## Task requirements
Everything in the data except the pictures belongs in your answer, copied exactly.

*** Data shown

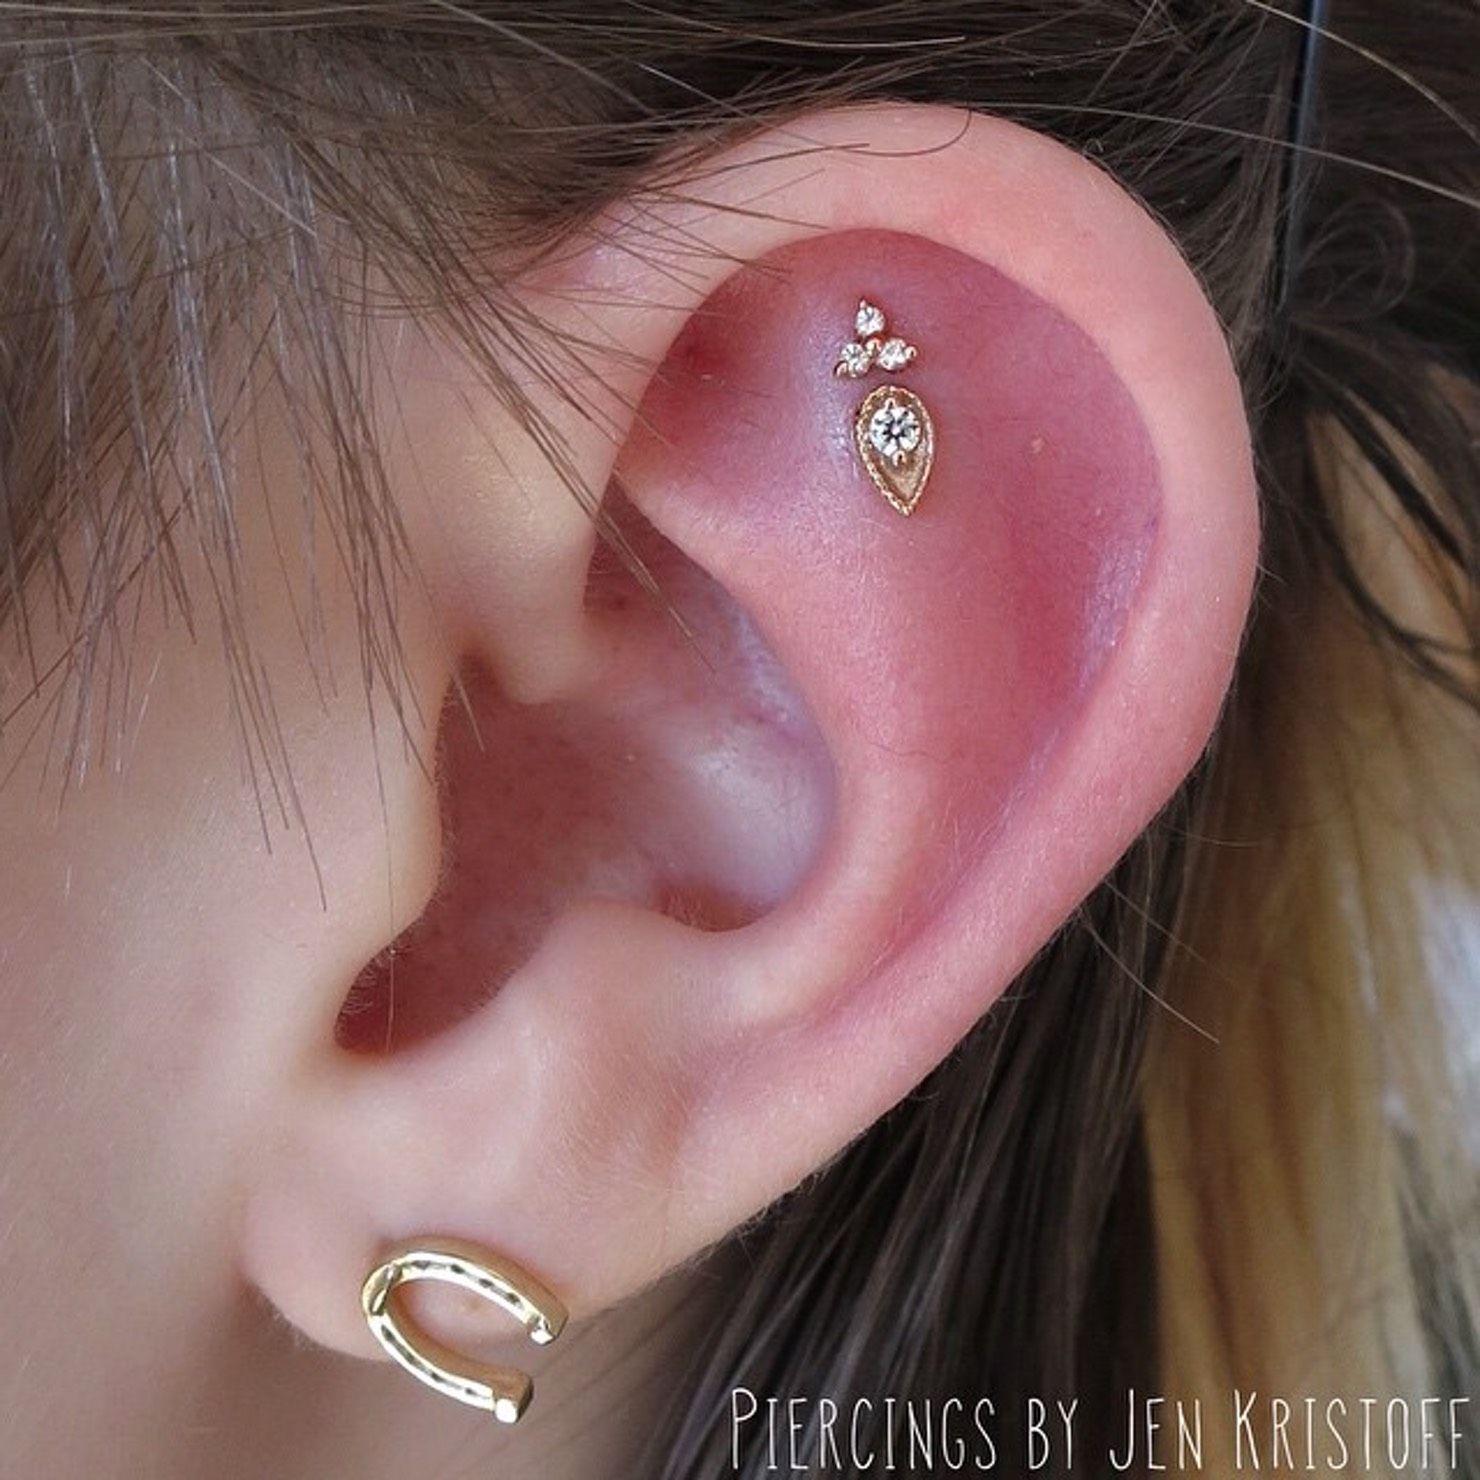 Piercing nose at home   Excuses To Buy More Earrings  Piercings Unique ear piercings
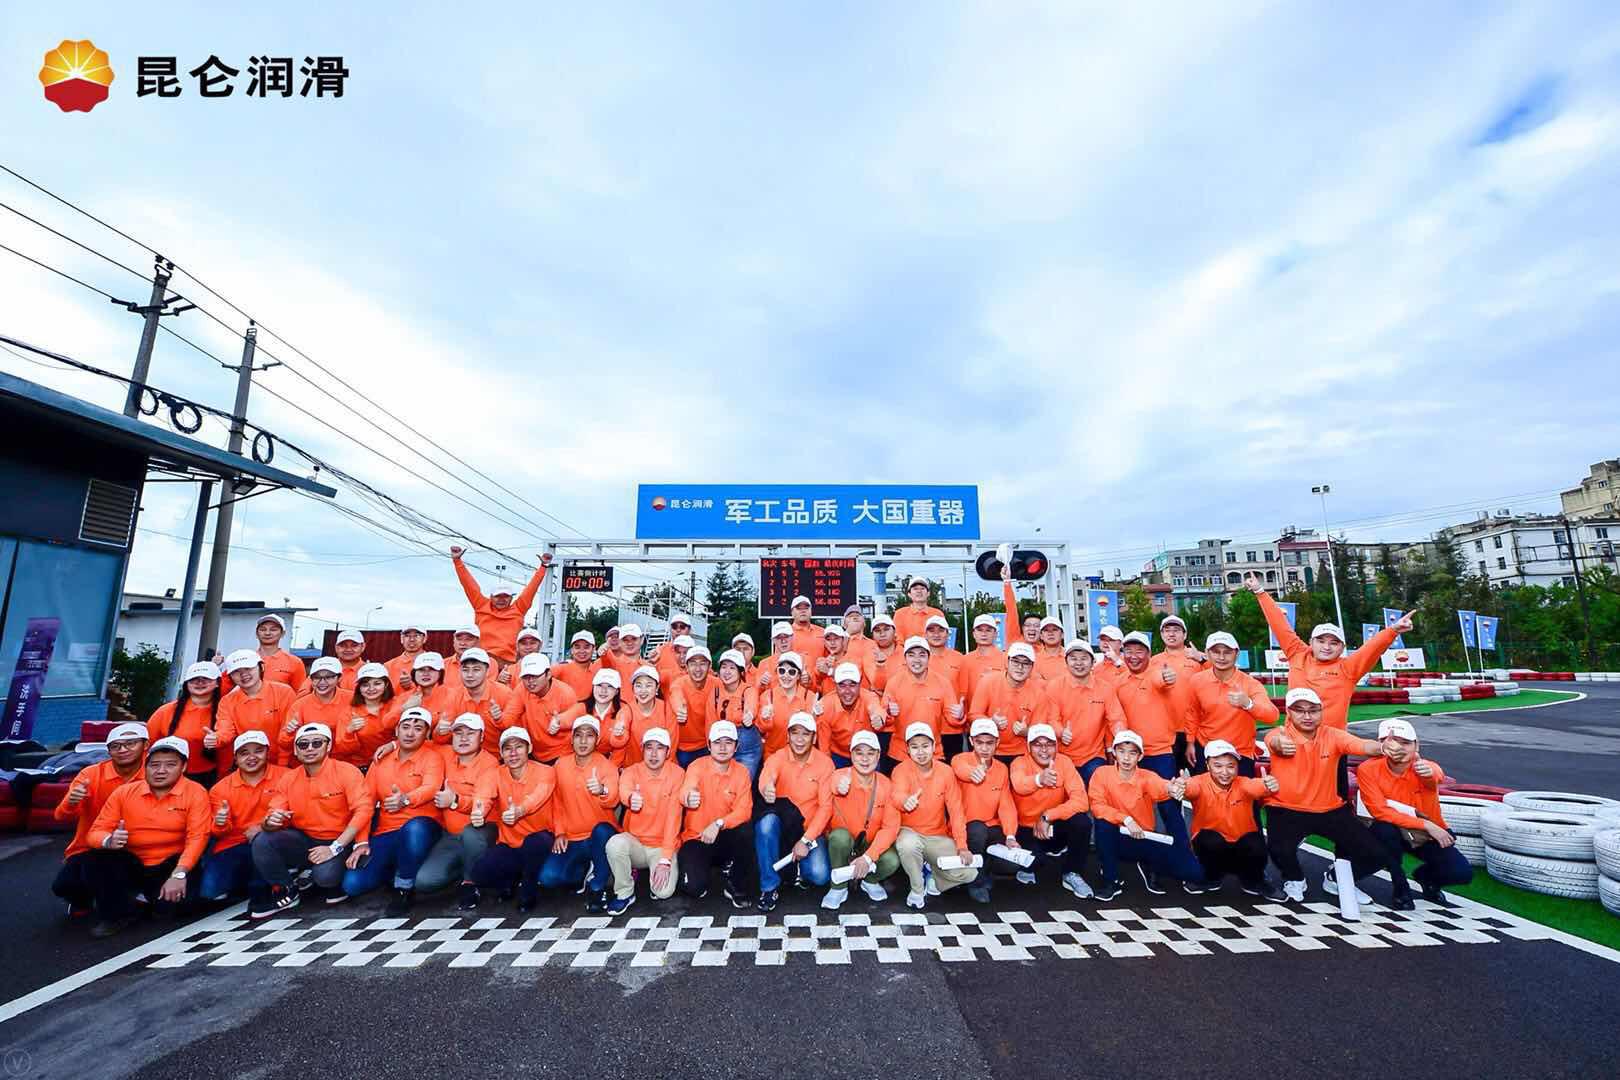 2018昆仑润滑车王争霸赛昆明站晋级赛完美落幕
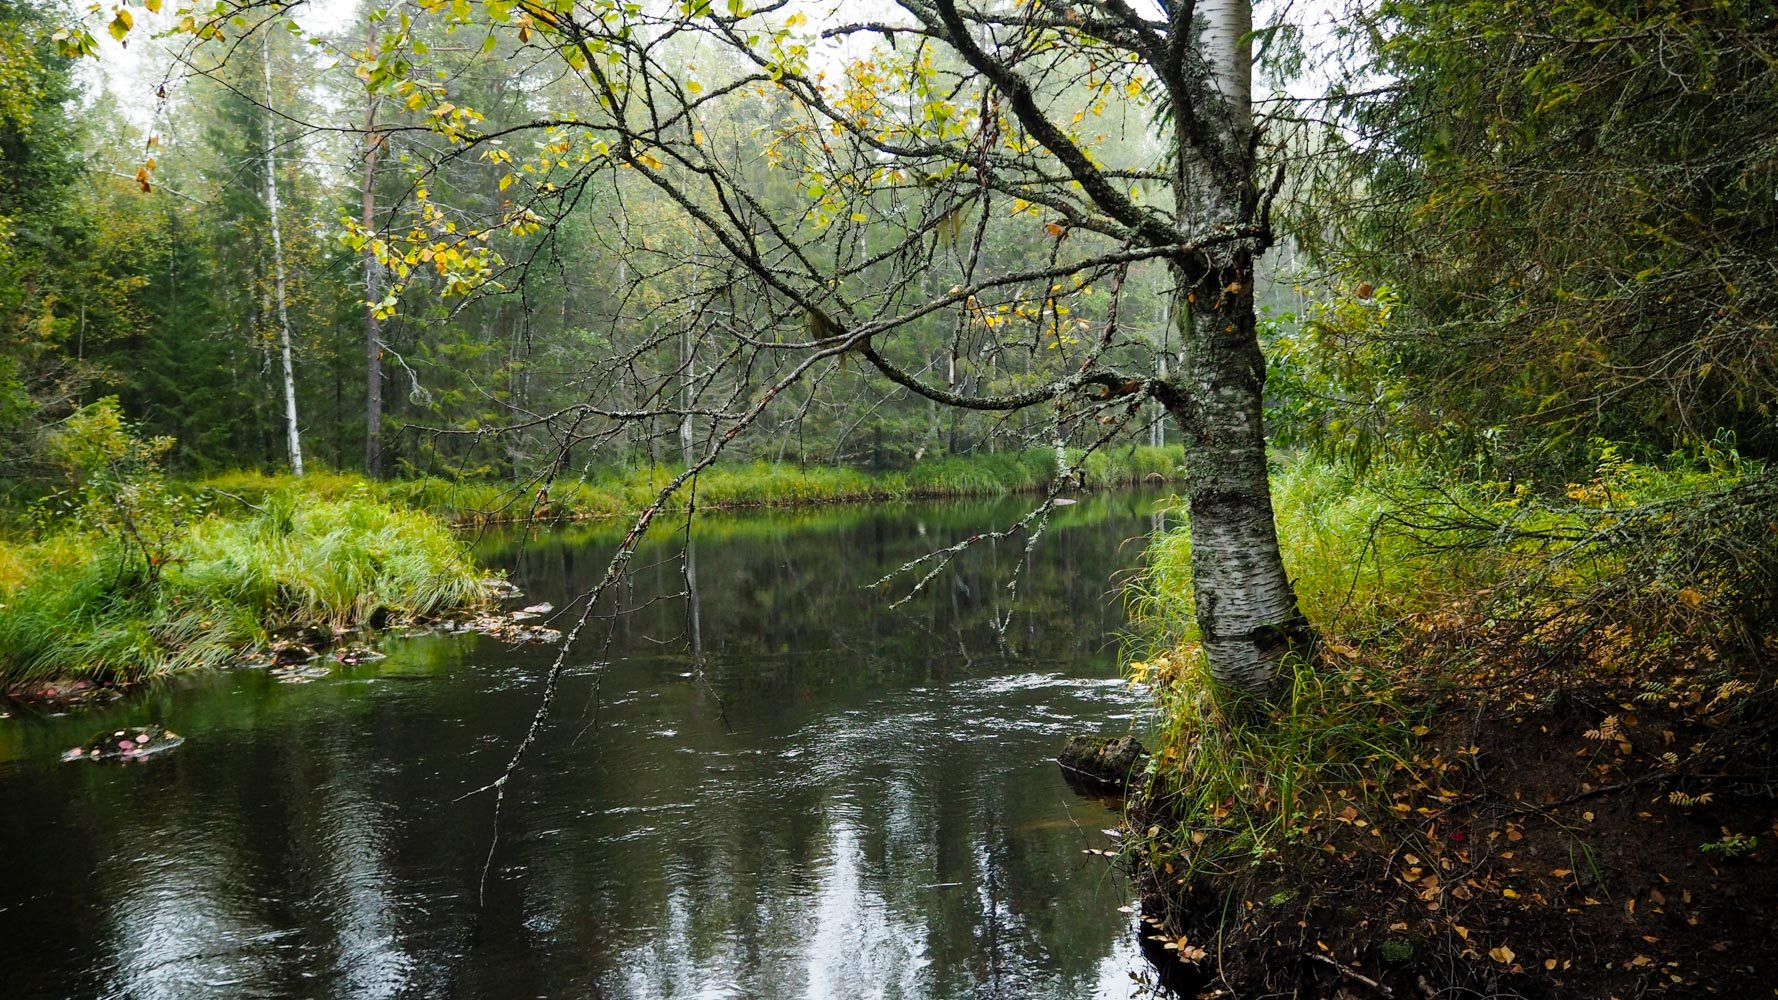 Rauhallinen joki, rannat kasvavat heinää. Kuvan oikeassa laidassa kurottelee koivu oksiaan veden ylle.
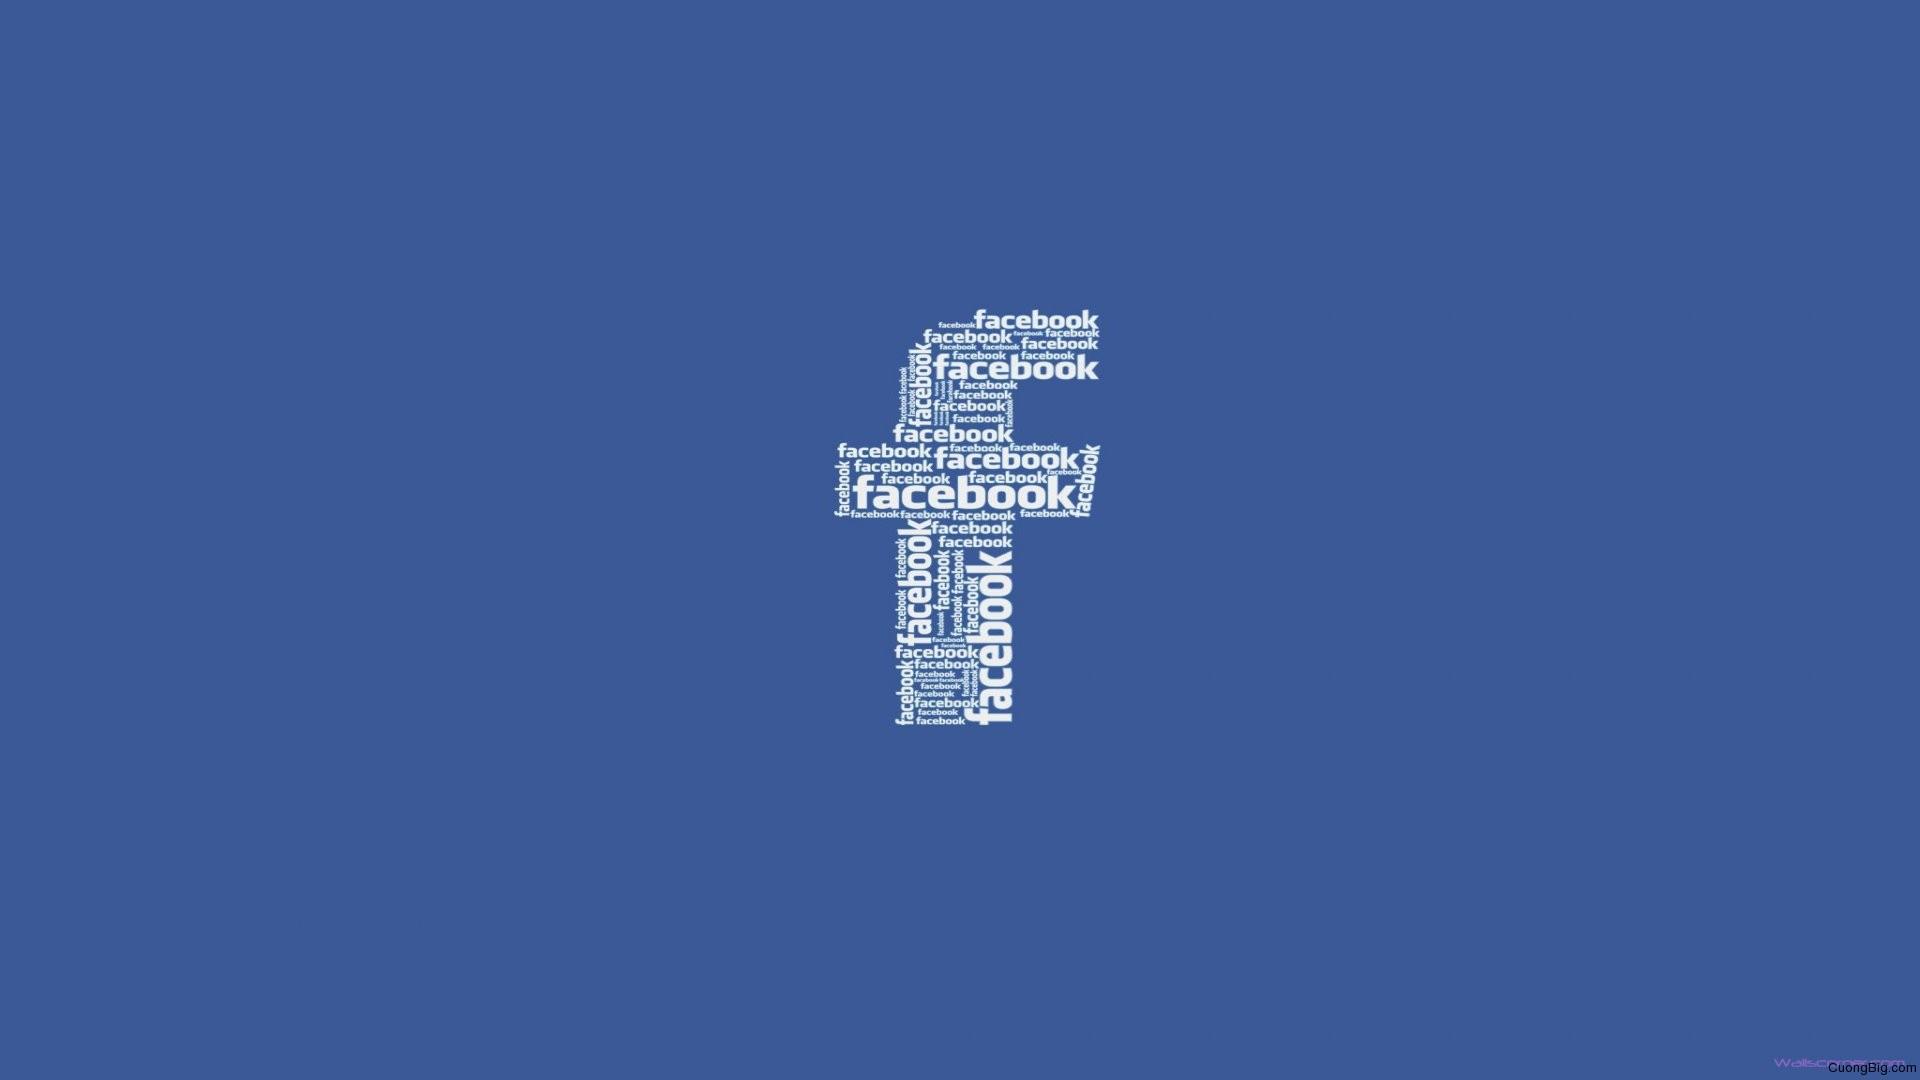 Một số lưu ý dành cho các bạn mới làm hoặc sắp bán hàng online trên facebook

******

## Output
 Piercing nose at home   Excuses To Buy More Earrings  Piercings Unique ear piercings
 2018昆仑润滑车王争霸赛昆明站晋级赛完美落幕
 Rauhallinen joki, rannat kasvavat heinää. Kuvan oikeassa laidassa kurottelee koivu oksiaan veden ylle.
 Một số lưu ý dành cho các bạn mới làm hoặc sắp bán hàng online trên facebook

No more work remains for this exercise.